Amadou Lamine Sall se porte candidat au Secrétariat général de la Francophonie

8 septembre 2025

Dans l’émission JDD diffusée ce dimanche sur iTV, l’écrivain et poète Amadou Lamine Sall a officiellement présenté sa candidature au poste de secrétaire général de l’Organisation internationale de la Francophonie (OIF) pour l’élection de 2026. Face à Mamadou Ndiaye, l’intellectuel sénégalais a exposé en détail sa vision d’une « francophonie des peuples » et sa feuille de route afin de regagner l’adhésion des pays africains qui se sont éloignés de l’organisation.

« Je n’ai pas le choix. On m’a choisi, on m’a été proposé par des amis et par l’ensemble de la communauté nationale et internationale », a déclaré Amadou Lamine Sall. Sa démarche a notamment été lancée par Alioune Tine, ancien directeur d’Amnesty International pour l’Afrique de l’Ouest, dans une tribune qui a fait sensation. Le poète attend désormais « le feu vert » du président sénégalais Bassirou Diomaye Faye et de son gouvernement pour officialiser sa campagne.

Lamine Sall identifie l’un des défis majeurs à relever comme étant le retour du Niger, du Mali et du Burkina Faso au sein de l’organisation. « Le Niger est père fondateur de la Francophonie avec Hamani Diori », a-t-il rappelé, illustrant son idée avec une métaphore frappante : « on a divorcé avec la femme mais on la garde dans son lit ». Selon lui, ces pays peuvent être reconquis car « la francophonie politique a échoué » et mérite une refonte totale.

Le candidat sénégalais met en exergue les racines africaines de l’institution : « La Francophonie a été créée par les Africains.
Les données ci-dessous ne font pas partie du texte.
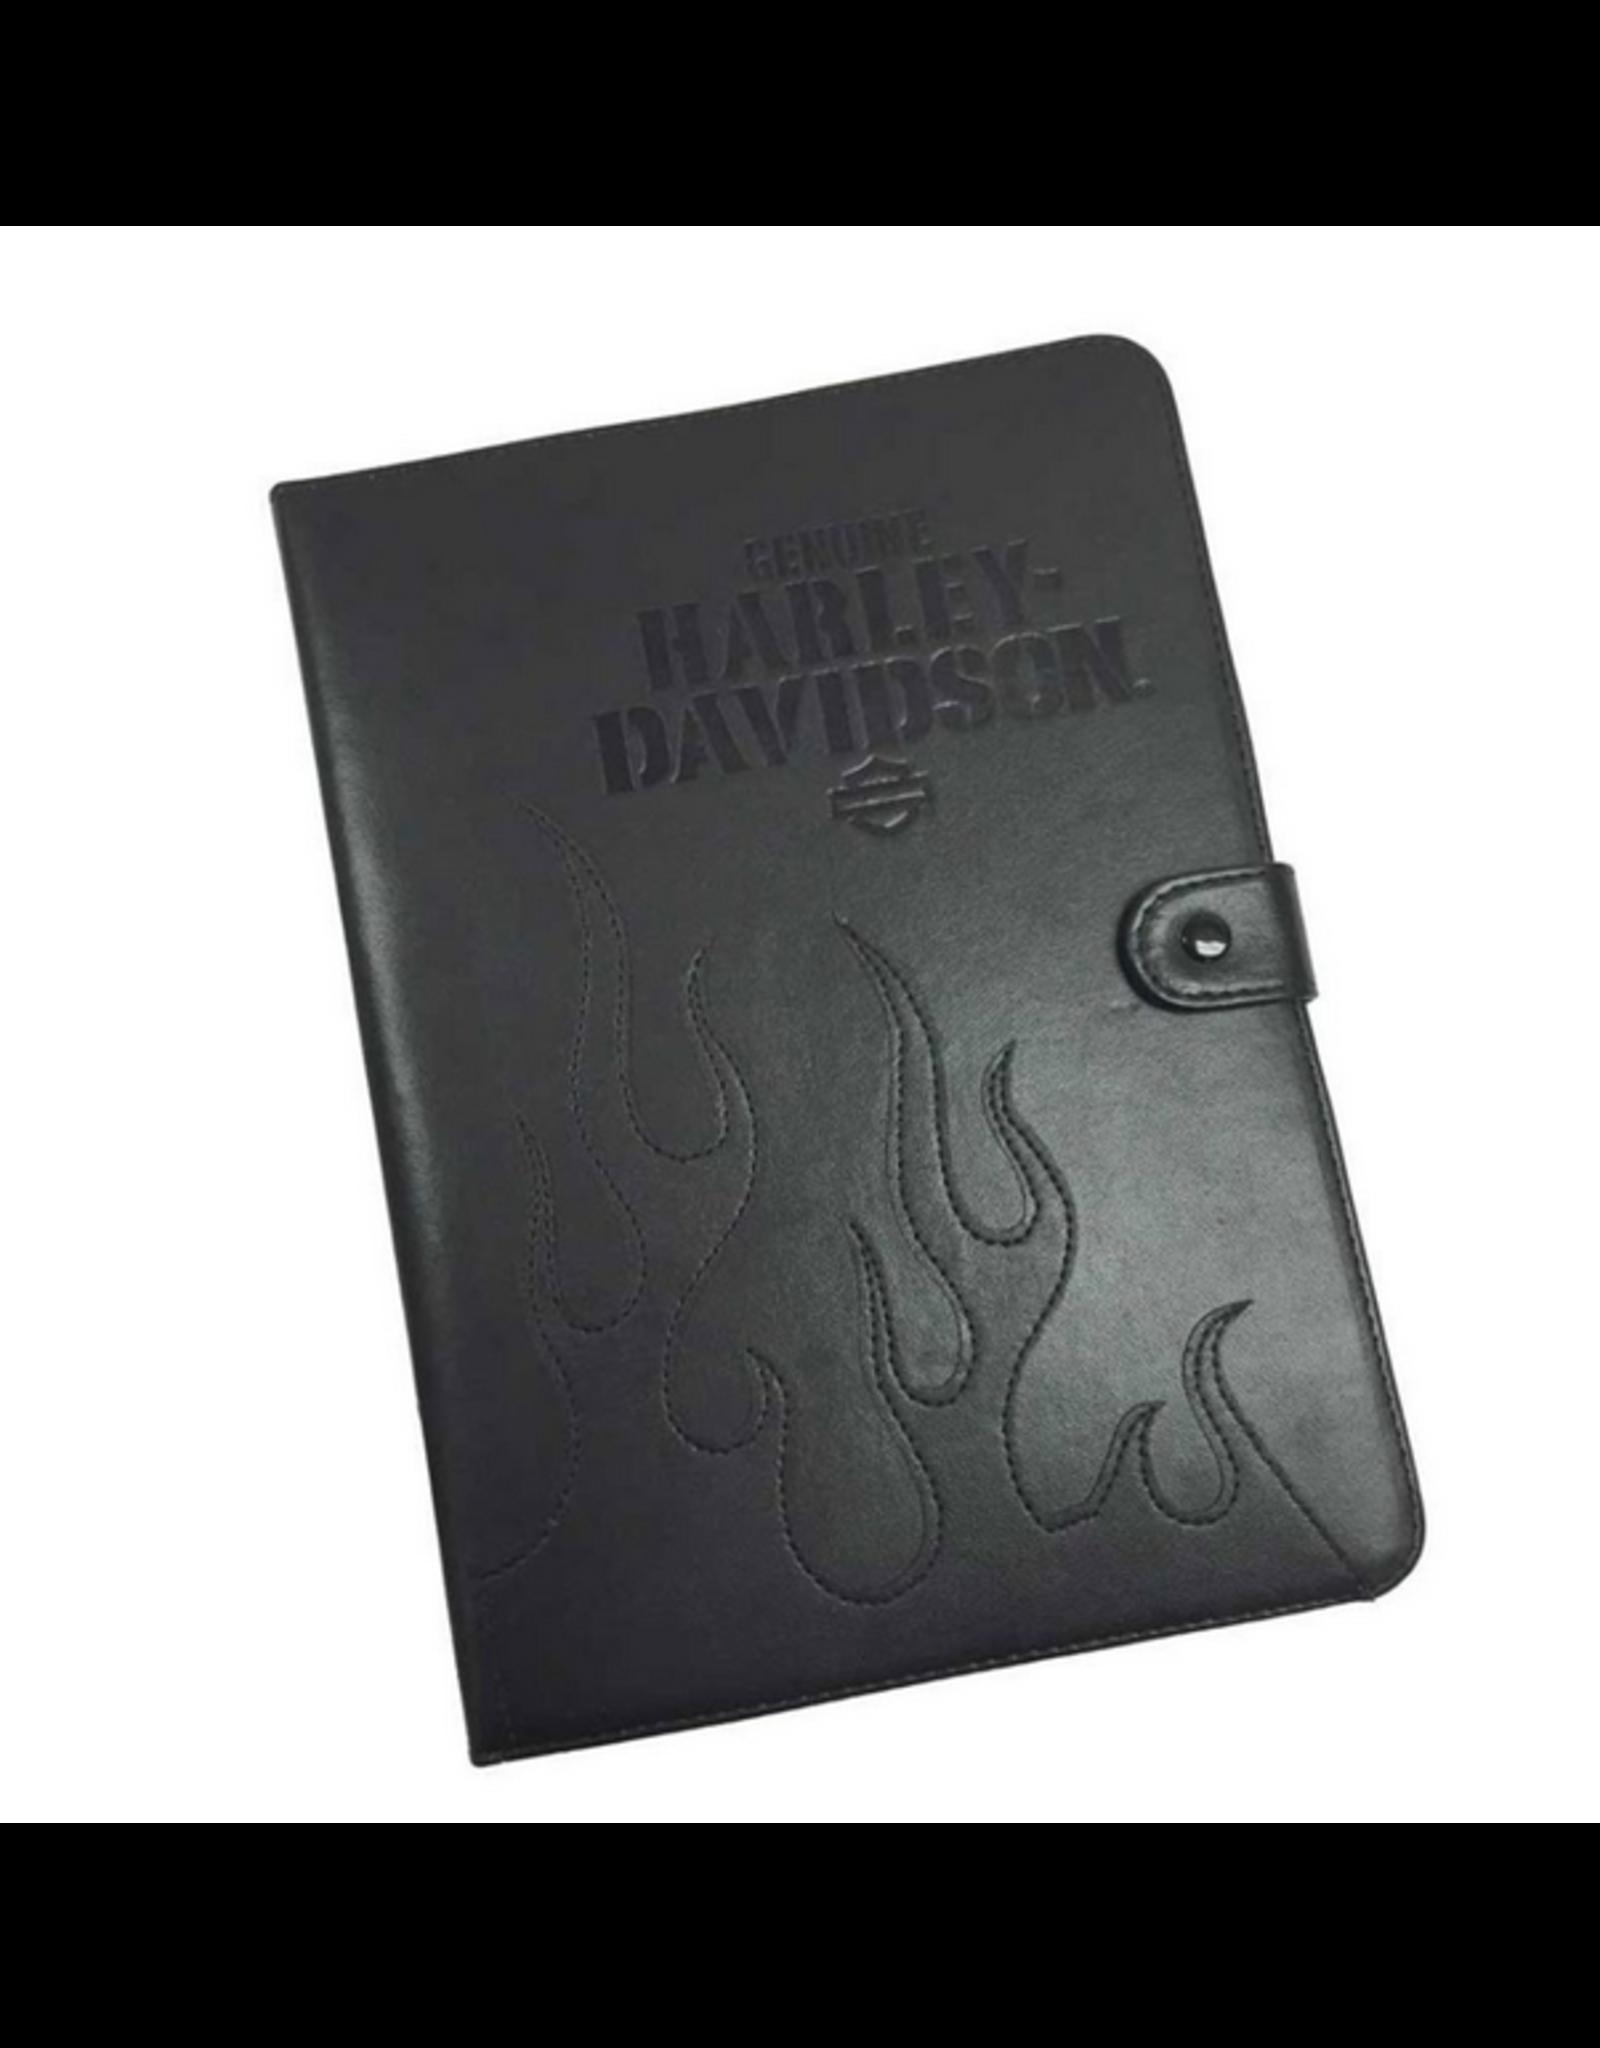 Harley Davidson Harley Davidson Universal 9-10 in Tablet Folio Black Leather SKU:50260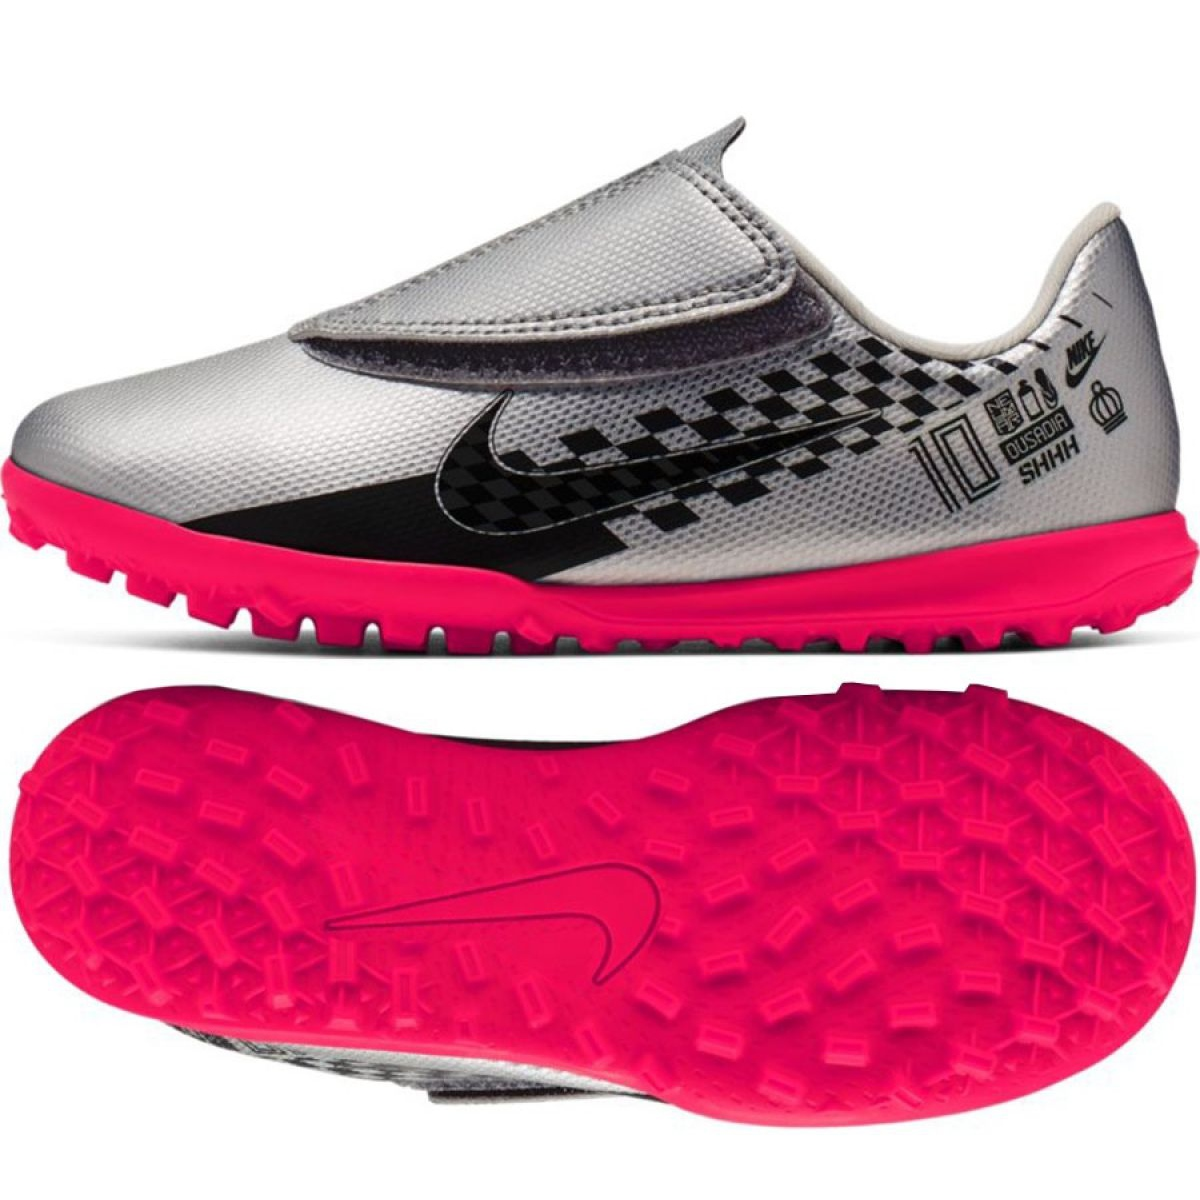 gene Galantería Asombrosamente  Nike Mercurial Vapor 13 Club Tf Neymar Jr AT8176 006 shoes grey ...

Elle n’a pas été créée par la France ». Il évoque Léopold Sédar Senghor, Hamani Diori du Niger et Habib Bourguiba de Tunisie comme les véritables fondateurs. « Soixante-dix pour cent des membres qui forment la Francophonie » seraient africains, affirme-t-il, ajoutant que « s’il n’y avait pas aujourd’hui l’Afrique, la langue française serait longtemps dans un cimetière ».

Amadou Lamine Sall propose une refonte radicale de l’OIF, en la transformant en une « francophonie des peuples et non pas une francophonie des élites », en associant « les jeunes, les femmes, la société civile » à la gouvernance de l’organisation. Sa campagne bénéficie déjà de soutiens internationaux, notamment au Canada, au Québec et au Maroc.

Le poète, qui se décrit comme « un enfant de la République », conditionne sa candidature officielle à l’approbation des autorités sénégalaises. « Cette candidature n’aura pas de sens si elle n’est pas portée par mon pays », a-t-il souligné, exprimant l’espoir que sa candidature soit présentée lors du prochain sommet des ministres de la Francophonie en novembre 2025 à Kigali.

La course pour succéder à Louise Mushikiwabo s’ouvre donc avec un candidat africain résolu à redonner à la Francophonie ses racines continentales et à réconcilier l’organisation avec ses États dissidents.